The limitation of ROAS at SKU level
ROAS remains a useful benchmark, but it becomes more complex when applied at SKU level.
If every SKU is expected to hit the same efficiency target, it can lead to:
- Reduced visibility for SKUs that introduce new customers
- Over-investment in a small set of best-performing SKUs
- Limited testing of new or seasonal products
Over time, this narrows the account and makes it more dependent on a small portion of the product catalogue.
A more effective approach is to evaluate SKUs based on their role, not just their immediate return.

Confused about your PPC performance? Learn why PPC accounts don’t always reflect what is actually working in our article.

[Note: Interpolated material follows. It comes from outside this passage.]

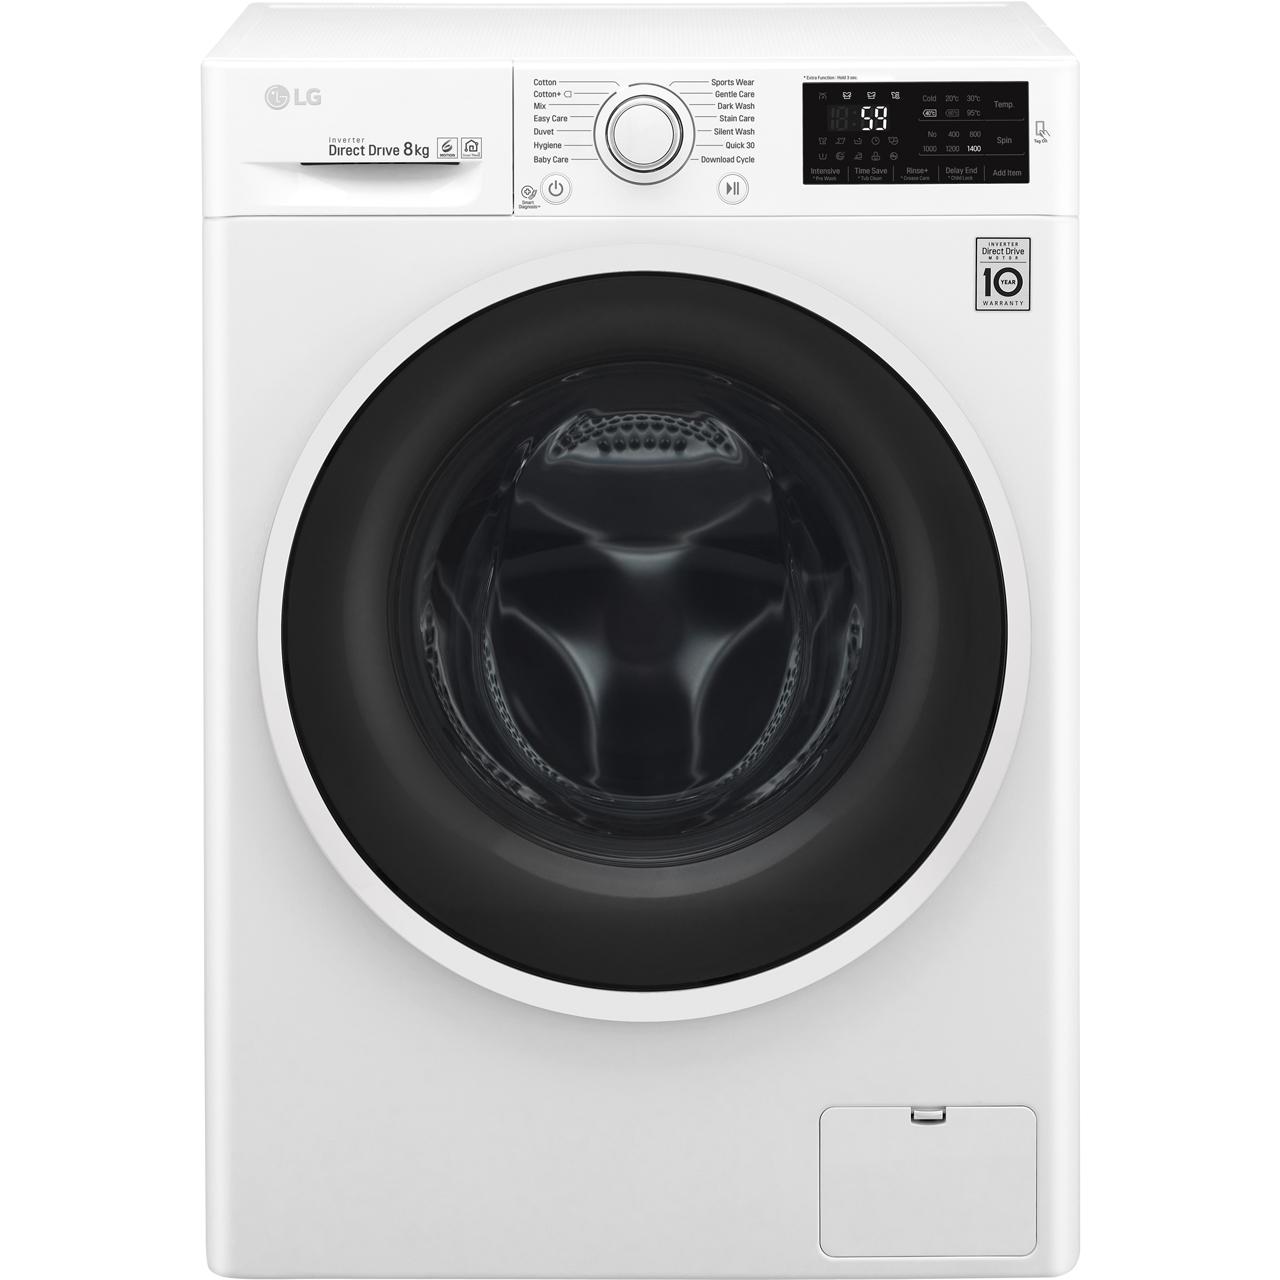 10% off LG Laundry with voucher code @ AO.com

What stronger accounts tend to do differently
Accounts that perform well over time tend to take a more deliberate approach to SKU management.
They are more likely to:
- Review performance at SKU level rather than relying solely on campaign averages
- Accept that different SKUs require different expectations
- Build structure around SKU roles rather than default categories
- Use automation, but guide it with better inputs
This allows them to balance efficiency with growth, rather than optimising too heavily in one direction.
Final thought
Ecommerce PPC is often managed at a level that is too high to reflect how performance is actually generated.
Campaigns provide an overview, but performance is driven by the individual SKUs within them – each behaving differently, each contributing in different ways.
Recognising that every SKU has a job – and structuring accounts accordingly – is what allows advertisers to move beyond stable performance and into sustainable growth.
Because ultimately, the question isn’t just whether a campaign is working, it’s whether each SKU inside it is doing what it’s supposed to do.